Every line below needs to be transcribed without alteration, and no image may be carried over.

*** SUPPLIED DATA ***

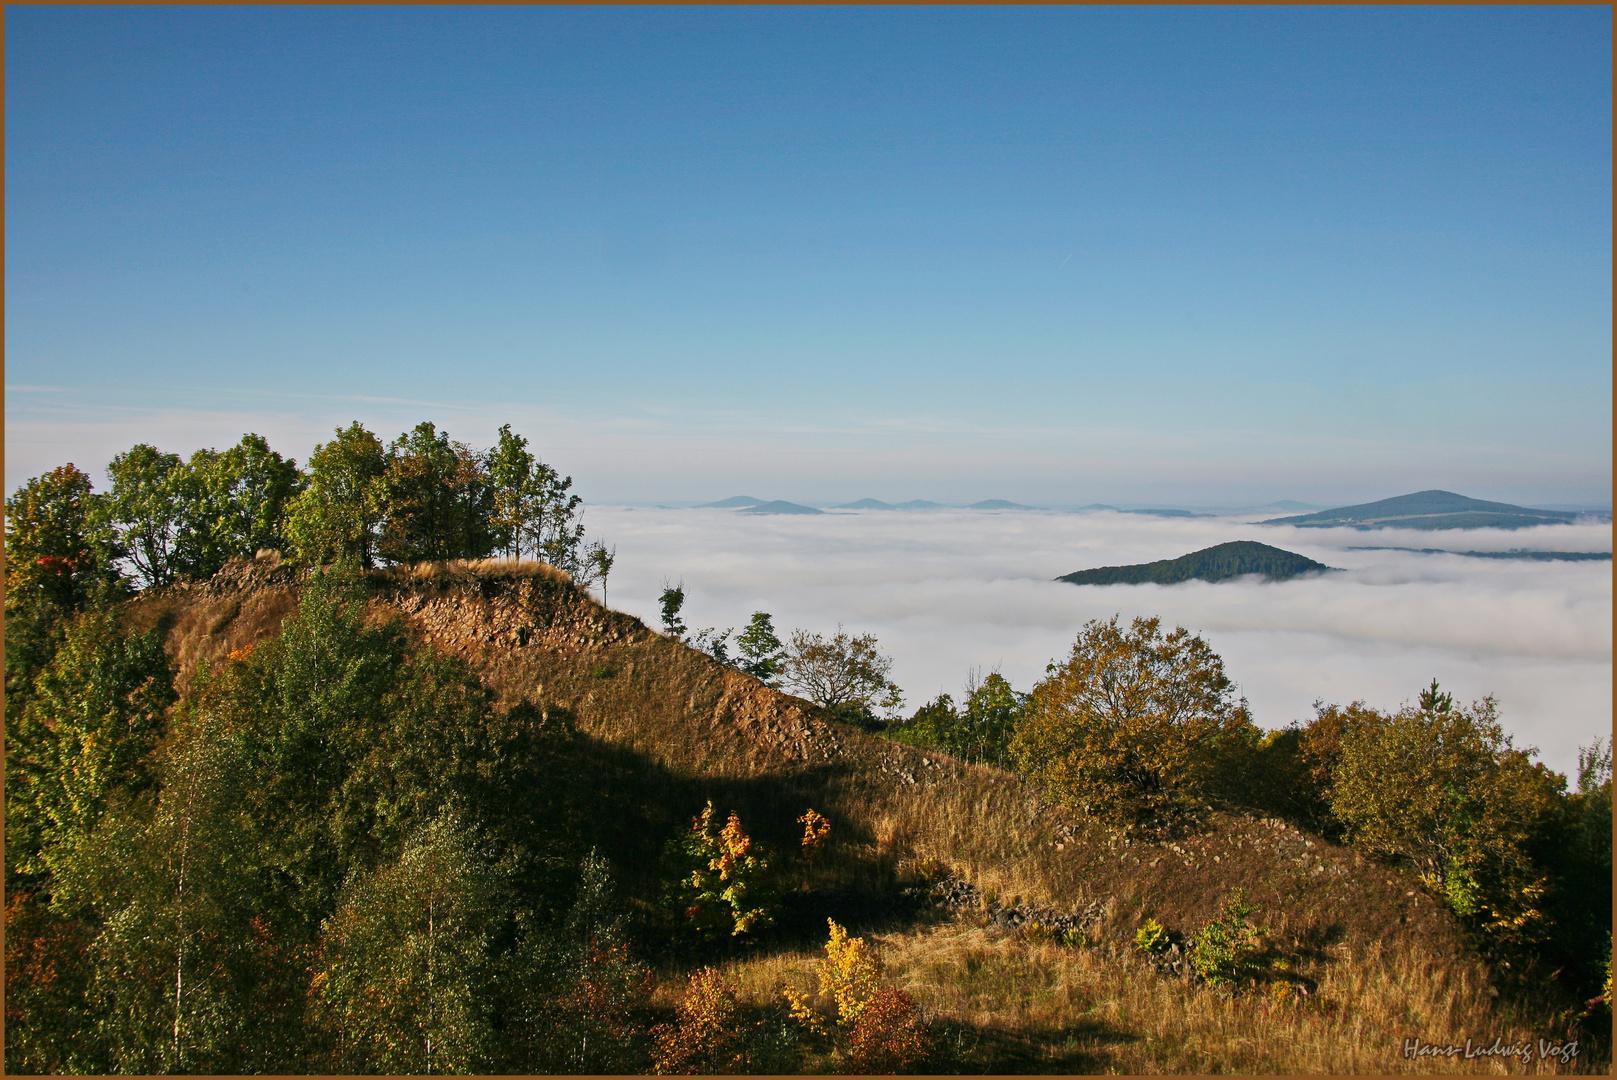 Herbstmorgen auf dem Öchsenberg
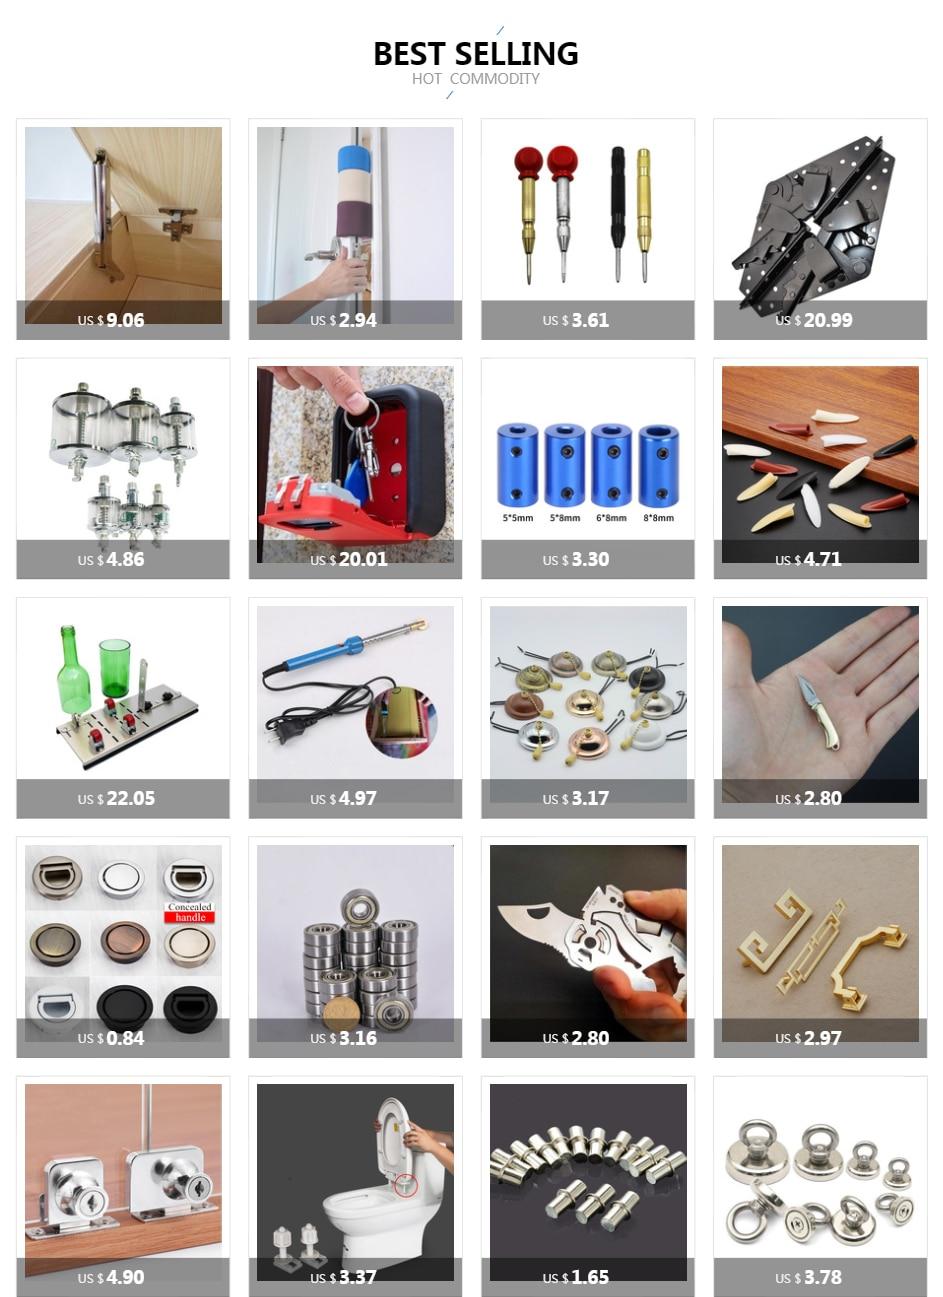 H6b2472cf3ba040b7a7eeed0b625be41fi - New solid Concealed drawer knob ring round handles Wardrobe Cupboard Door handles for interior doors Pulls Furniture Hardware
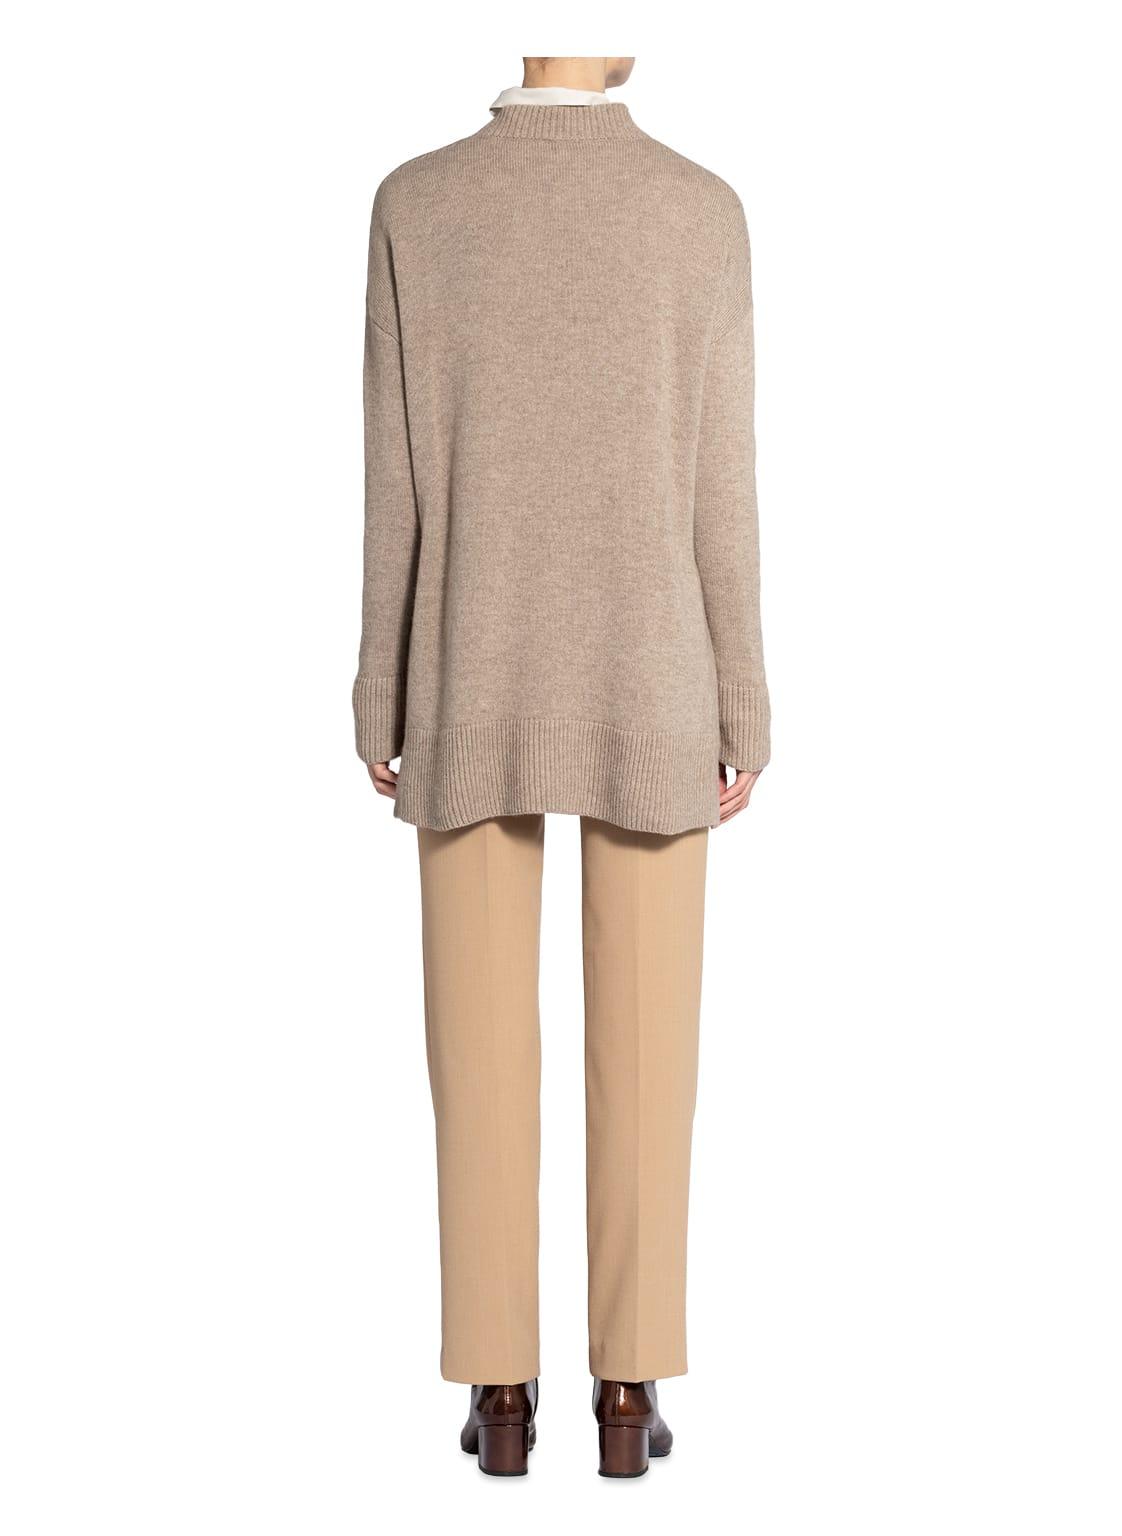 Damen Bekleidung Cashmere-Pullover von FTC CASHMERE

*** End of SUPPLIED DATA ***

## TASK RESPONSE
 Herbstmorgen auf dem Öchsenberg
 H6b2472cf3ba040b7a7eeed0b625be41fi - New solid Concealed drawer knob ring round handles Wardrobe Cupboard Door handles for interior doors Pulls Furniture Hardware
 Damen Bekleidung Cashmere-Pullover von FTC CASHMERE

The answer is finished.